October 2016 – In Memory of Mark BryanPosted: November 15, 2016
Mark Bryan dedicated his career to AVEC.
It was more than just a job. The AVEC members and employees are a big extended family. As with any family, it takes a lot of work to keep it together and functioning.
Mark started as a young buck in 1980, traveling throughout Alaska installing engines, building power lines and fixing whatever needed to be fixed.
He spent his down time—when the fish weren’t running— reading manuals, tinkering with engines and learning more about his trade. Before moving into the office in the mid-’90s Mark was the go-to field guy to answer questions, install the latest controls or get the lights back on in an emergency.
He helped countless people in our communities who all remember his friendly manner and ability to make the best with what was on-hand.
One of our members, an Elder in Nunapitchuk, called to regale us with a story from the early ’80s. He recounted how he had built himself a new house and had wired it with the help of an electrician relative. When the time came to turn on the lights, he turned on the switch expecting to enjoy the hard-earned fruits of his labor: light!

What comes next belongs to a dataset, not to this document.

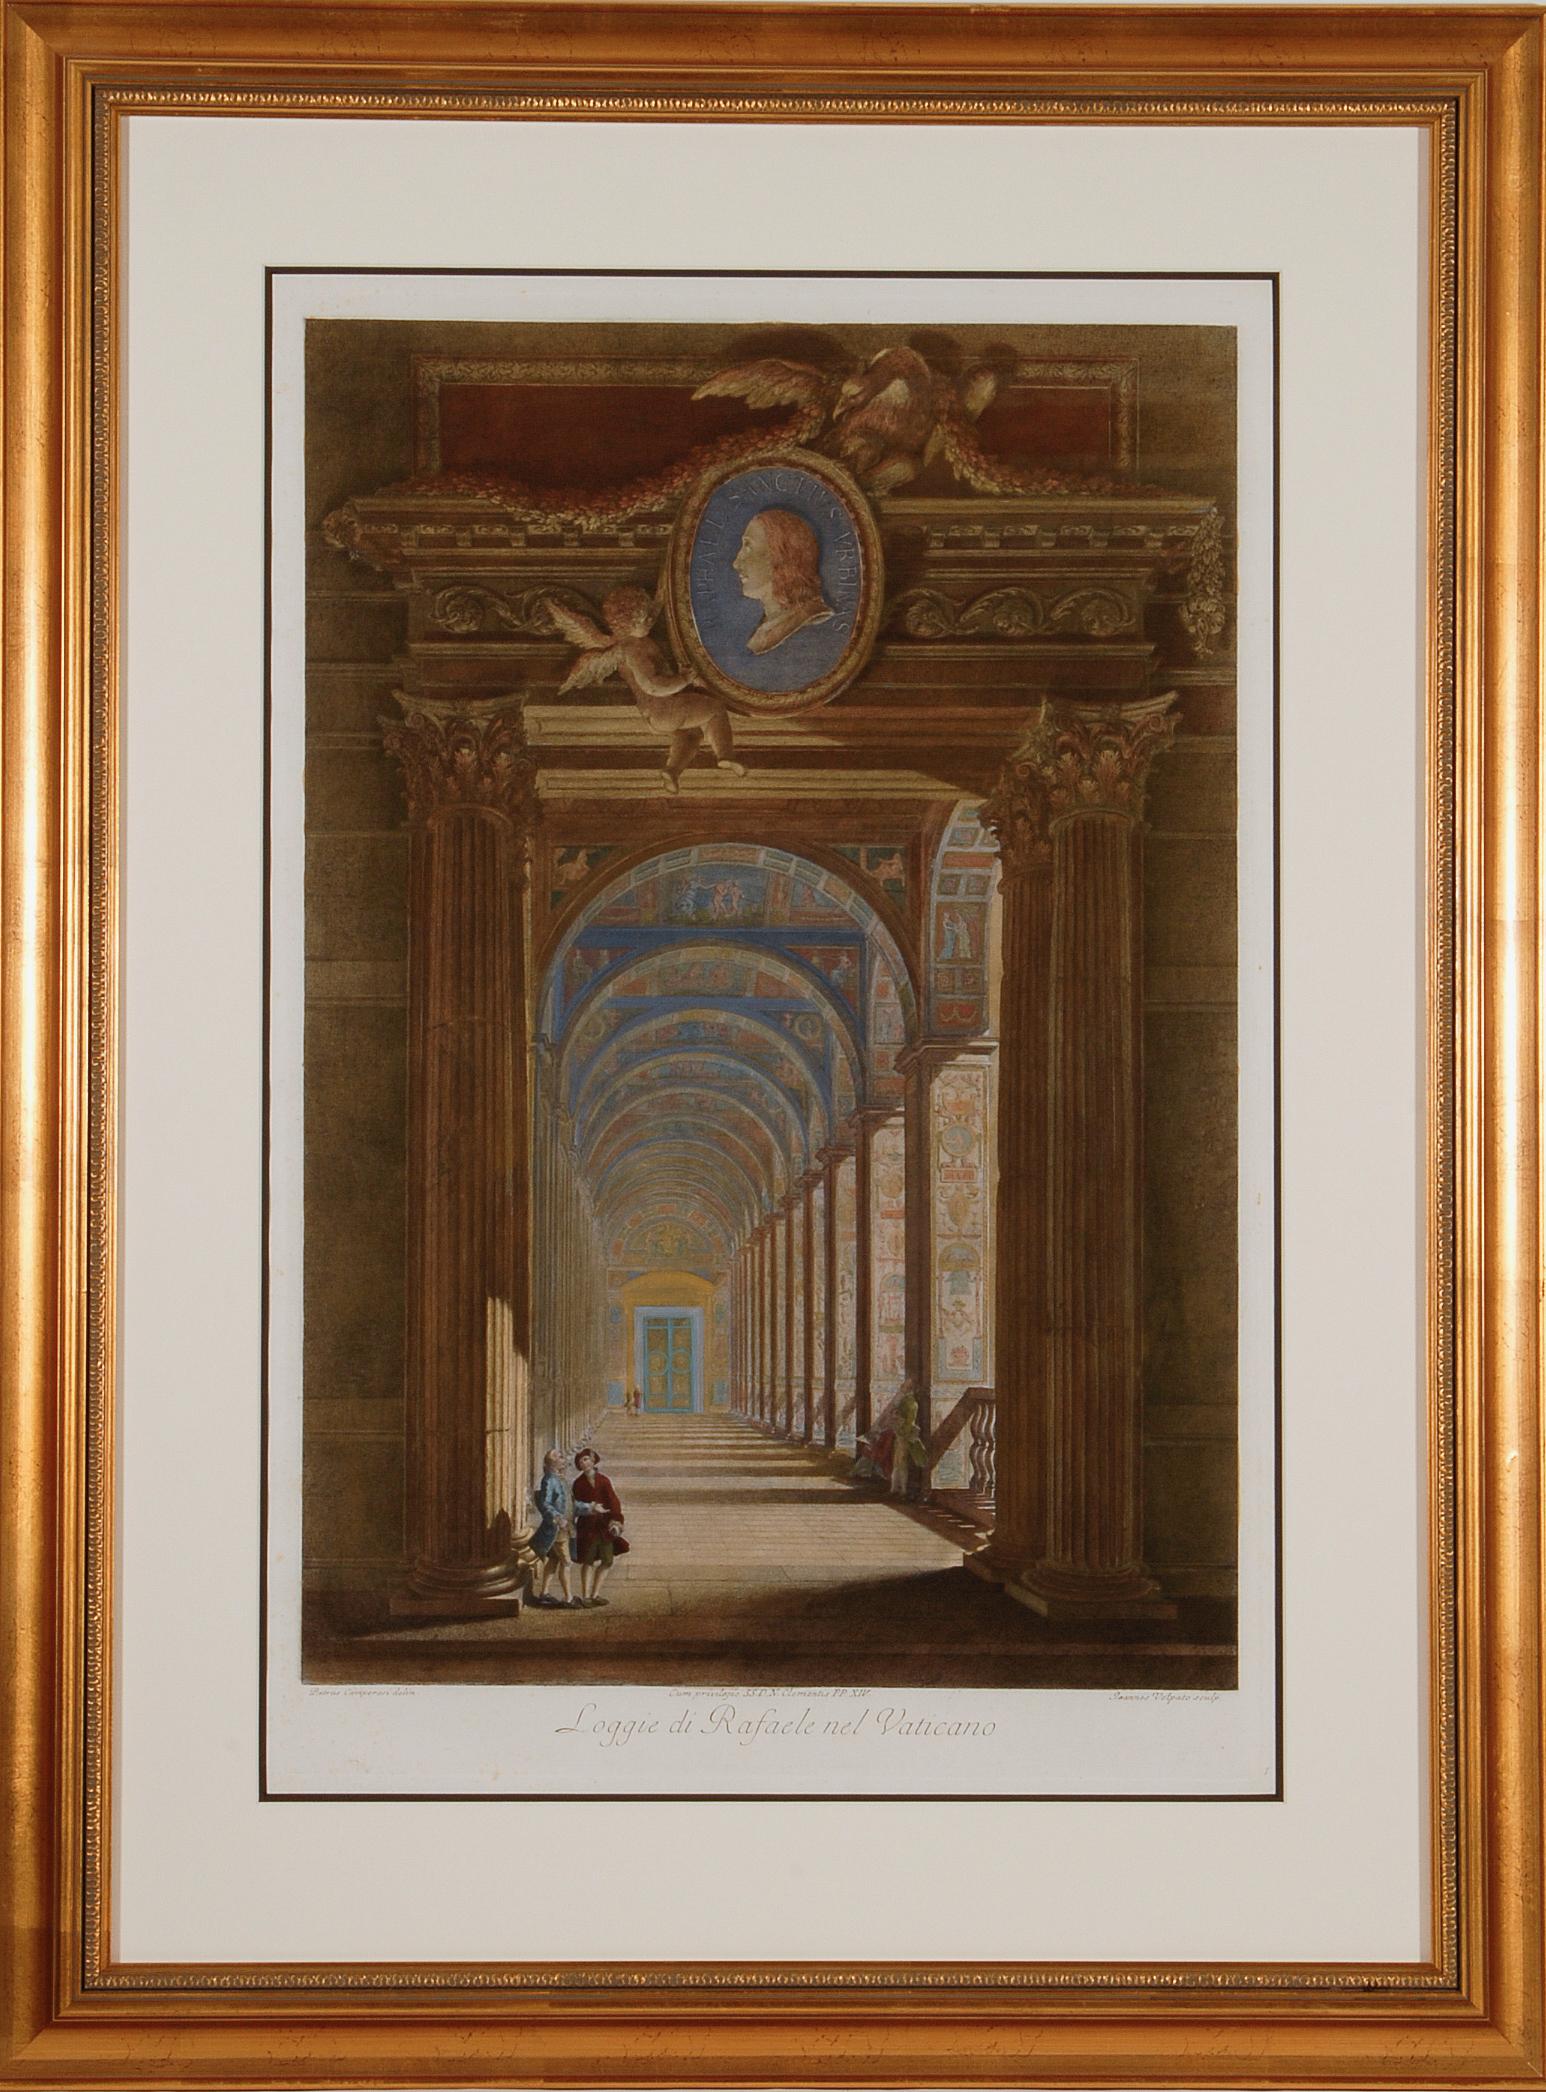 Giovanni Volpato Interior Print -  Loggie di Rafaele nel Vaticano: 18th Century Hand-colored Engraving by Volpato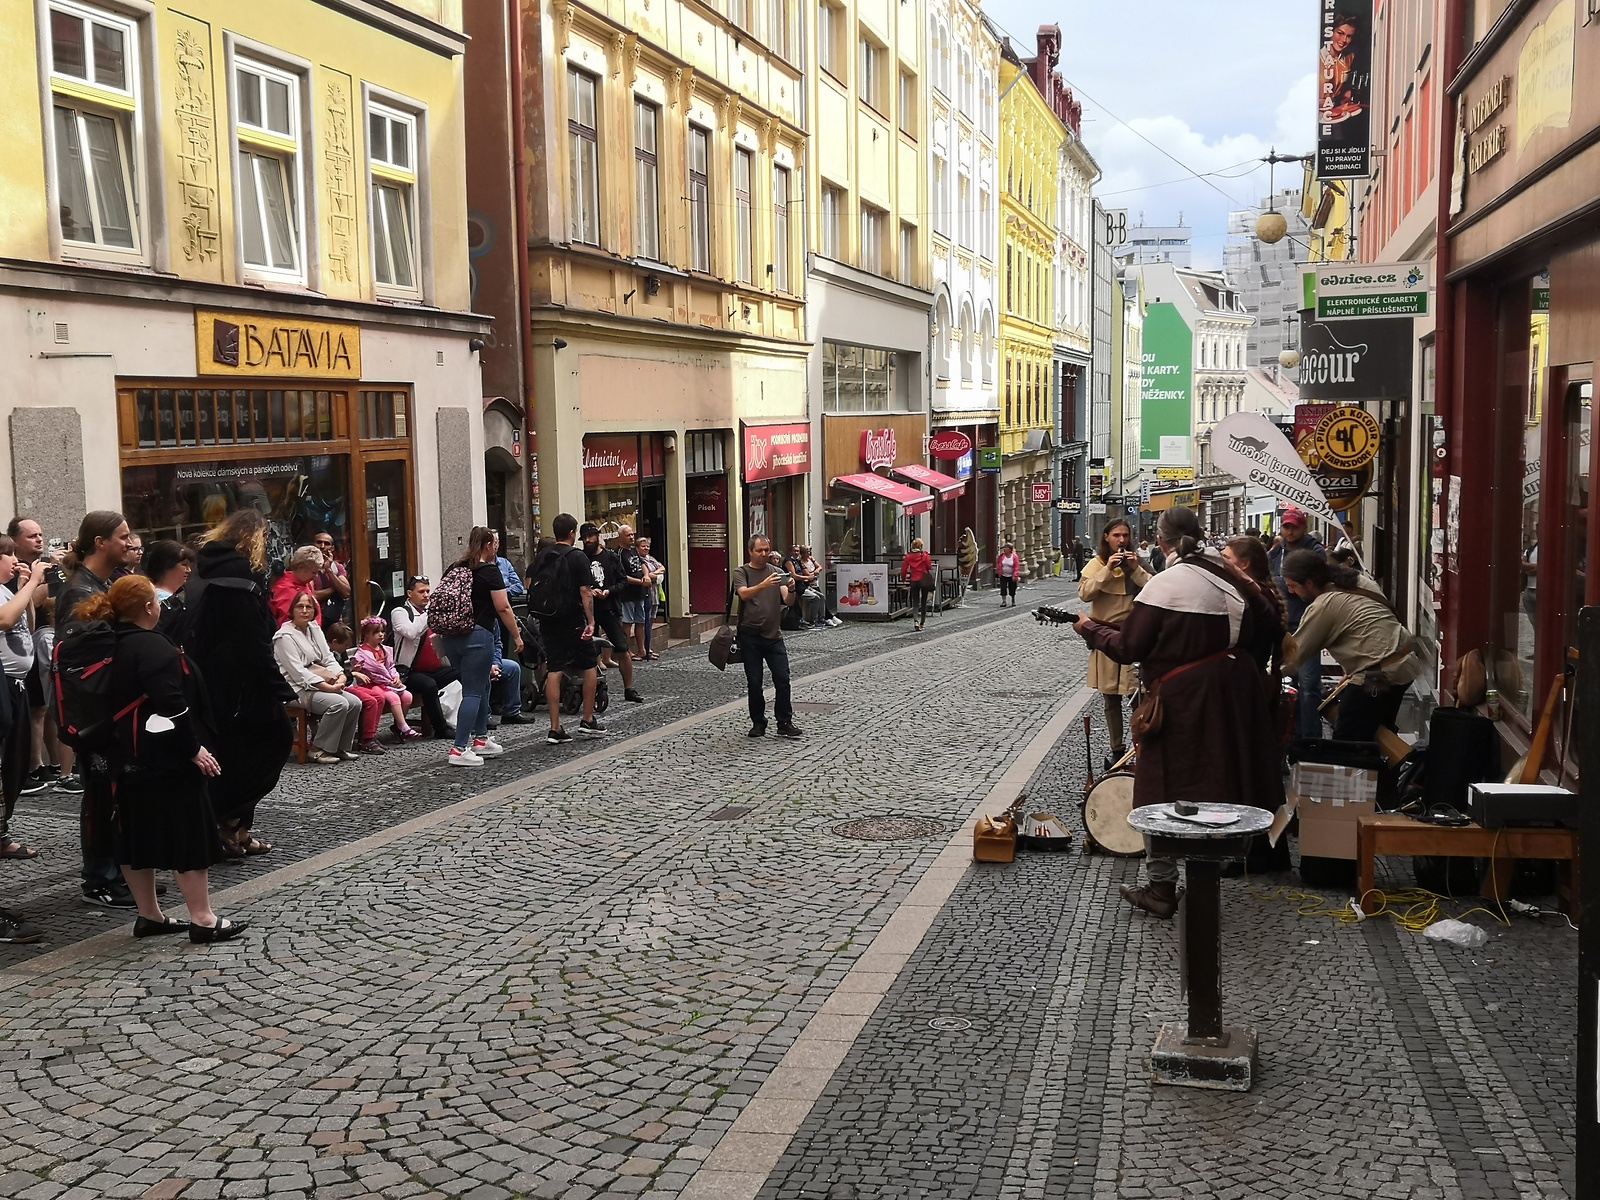 Pražskou ulicí v Liberci zněla středověká hudba. Skupina sklidila ovace -  Liberecký deník

Unfortunately, when he turned on the switch, the bulb popped. Having done that a few times, he was told of an AVEC man at the power plant. He called, and along came Mark. Our member, Robert, recalls seeing him and saying, “Well hello, Mr. Burt Reynolds!” That was Mark in his younger days.
Robert explained his problem. Mark looked at the wiring, inserted a bulb and flipped the switch. Pop!
Mystified, Mark picked up one of the remaining bulbs in the box, examined it, then burst out in his typical roar of laughter. Robert was using a set of 12-volt bulbs for camp lanterns. Mark took the same approach in the office, striving to make things better, broadening his knowledge and becoming a key player in shaping the infrastructure the cooperative has built in the last 20 years.
His input, management and dedication can be seen in the power plants in all the AVEC communities. Just about every mechanical and electrical system out there has his finger print on it, not the least of which are the wind-diesel systems working in 14 communities.
Mark worked for the people of the co-op: for the members and for his fellow employees. He did it with a smile and his signature laugh, and he did it well.
His light has not gone out. Because of his legacy, the lights in rural Alaska will not either. Mark made sure AVEC was the best through his outstanding commitment to our communities. He will never be forgotten.